It’s pouring down outside and there’s a washing machine full of wet clothes with no line outside to hang them on. A combination of prolonged wet weather without the luxury of a tumble dryer may encourage people to dry laundry indoors. But this could pose more of a health risk than we care to admit.
What Happens When You Dry Clothes Indoors?
Studies have shown that up to 30 percent of moisture in our homes can be caused by drying laundry indoors – that’s the equivalent of nine pints of water! Without adequate ventilation, this excess moisture has nowhere to escape and can cause health and structural problems if left unresolved.
As the wet clothes dry the moisture released into the air creates the ideal breeding conditions for the growth of mould and other airborne irritants that can easily be breathed in and introduced into the body.
Pheena Kenny, of the Asthma Society of Ireland, said: “moist environments encourage the growth of mould which can release ‘seeds’ called spores.” She adds: “for some people with asthma who are sensitive to dust and mould spores, it can act as a trigger, causing asthma to get worse.”
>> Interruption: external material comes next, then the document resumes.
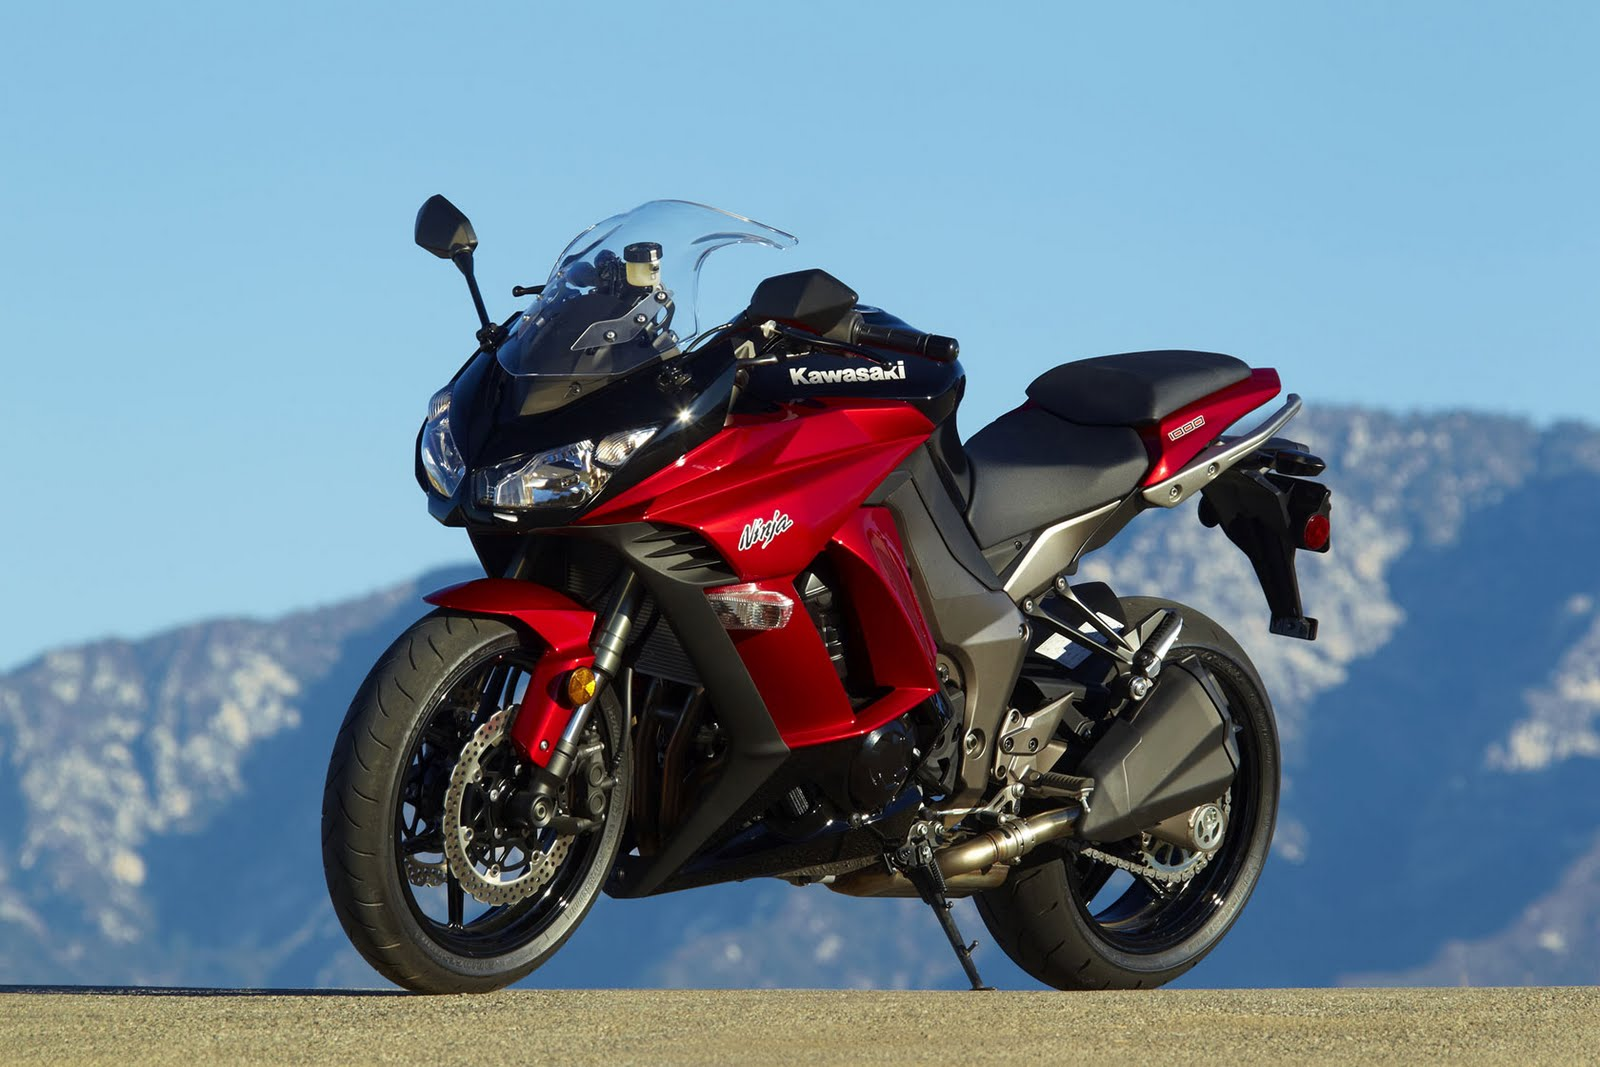 2011 kawasaki ninja 1000 motorcycle

One of the most common variations of mould revealed by PowerBeesthrough mould testing services is mould from the Aspergillus genus; from these moulds, Aspergillus Fumigatus (asper-fil-lus fu-mig-atus) is the species that causes the highest number of infections in humans.
What Is Aspergillus Fumigatus?
Aspergillosis is a condition caused from a fungal mould called aspergillus that is present in the air we breathe. Found outdoors and indoors, Aspergillus Fumigatus is caused through breathing in small spores of mould found in humid environments including damp buildings and dust.
Professor David Denning and his team at the National Aspergillosis Centre in Manchester issued a warning after treating a growing number of patients who have inhaled Aspergillus fungal spores.
Denning said: “most of us are either immune to the fungus which grows in these humid conditions, or have a sufficiently healthy system to fight the infection”.
He suggests either drying laundry on a line outside, in a tumble dryer – which many of us do not have the luxury of – or a well ventilated space.
But, what if we said we can go one better?
Use A Dehumidifier (Can A Dehumidifier Help)?
While we still have to put up with rainy days when a tumble dryer is something of dreams; the reality for many is an endless cycle of wet laundry that takes up every bit of space in our homes.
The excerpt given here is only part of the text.